══ Supplied records

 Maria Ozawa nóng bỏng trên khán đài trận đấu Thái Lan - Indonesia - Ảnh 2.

════
══ Supplied records

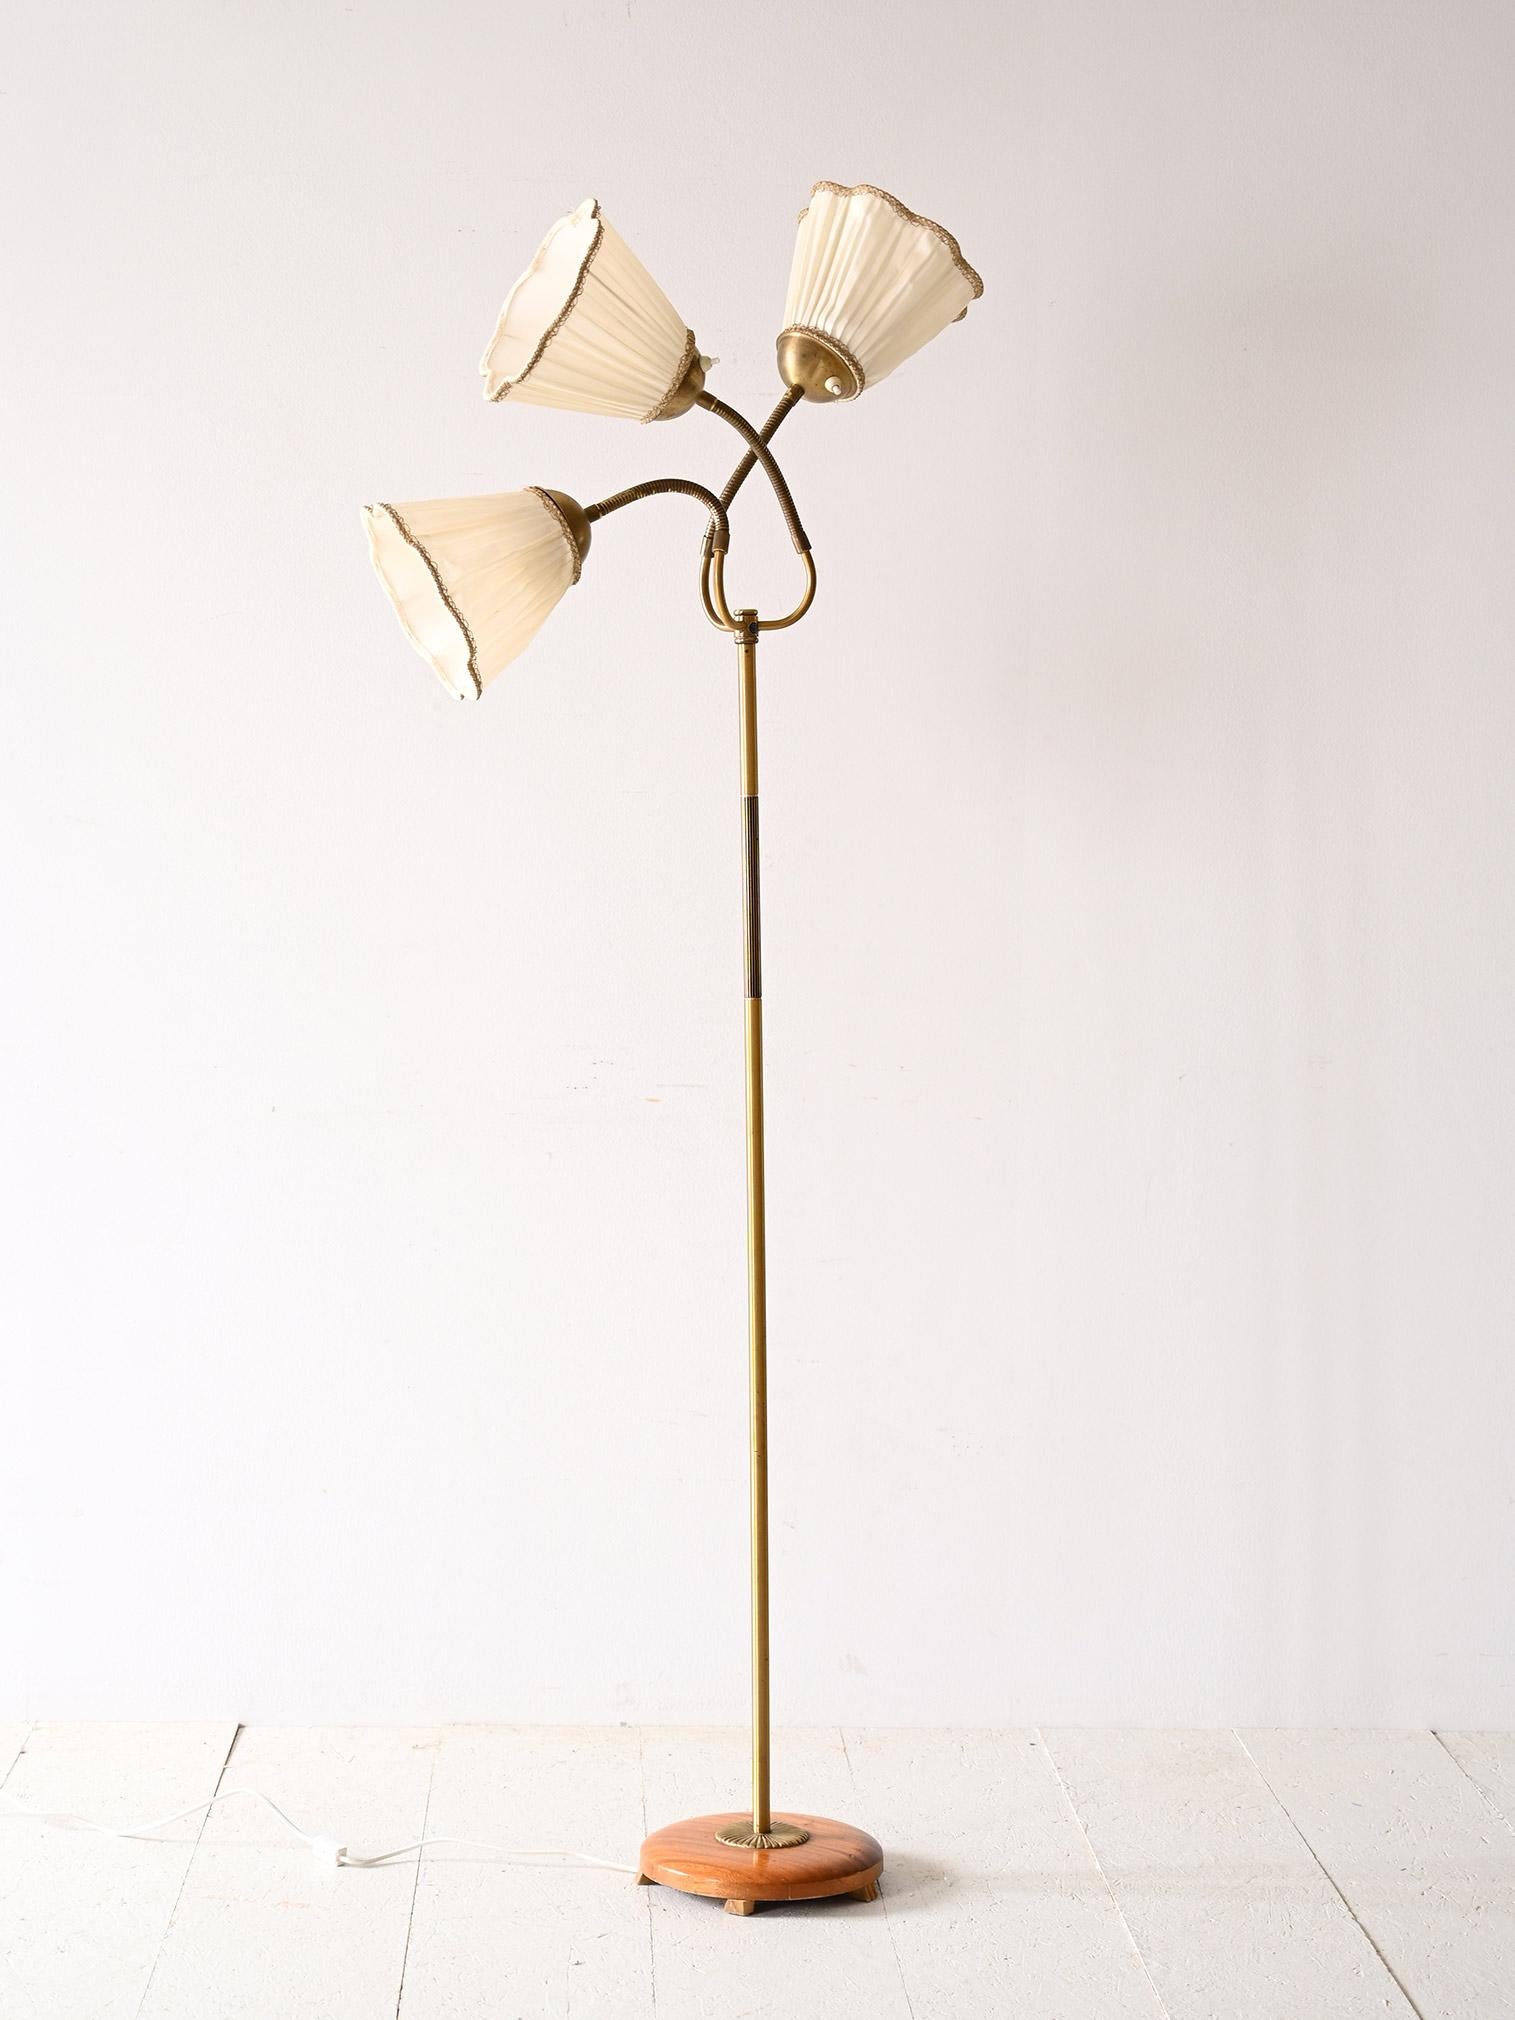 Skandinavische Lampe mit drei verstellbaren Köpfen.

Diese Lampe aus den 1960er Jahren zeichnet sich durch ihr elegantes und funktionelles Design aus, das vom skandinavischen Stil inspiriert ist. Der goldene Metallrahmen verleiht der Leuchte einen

════

- **Assigned task**: The answer must be the lines above from the one containing "Skandinavische Lampe mit" through the one containing "Diese Lampe aus", reproduced exactly, with no pictures and nothing else.

- **Problem solution**:
 Skandinavische Lampe mit drei verstellbaren Köpfen.

Diese Lampe aus den 1960er Jahren zeichnet sich durch ihr elegantes und funktionelles Design aus, das vom skandinavischen Stil inspiriert ist. Der goldene Metallrahmen verleiht der Leuchte einen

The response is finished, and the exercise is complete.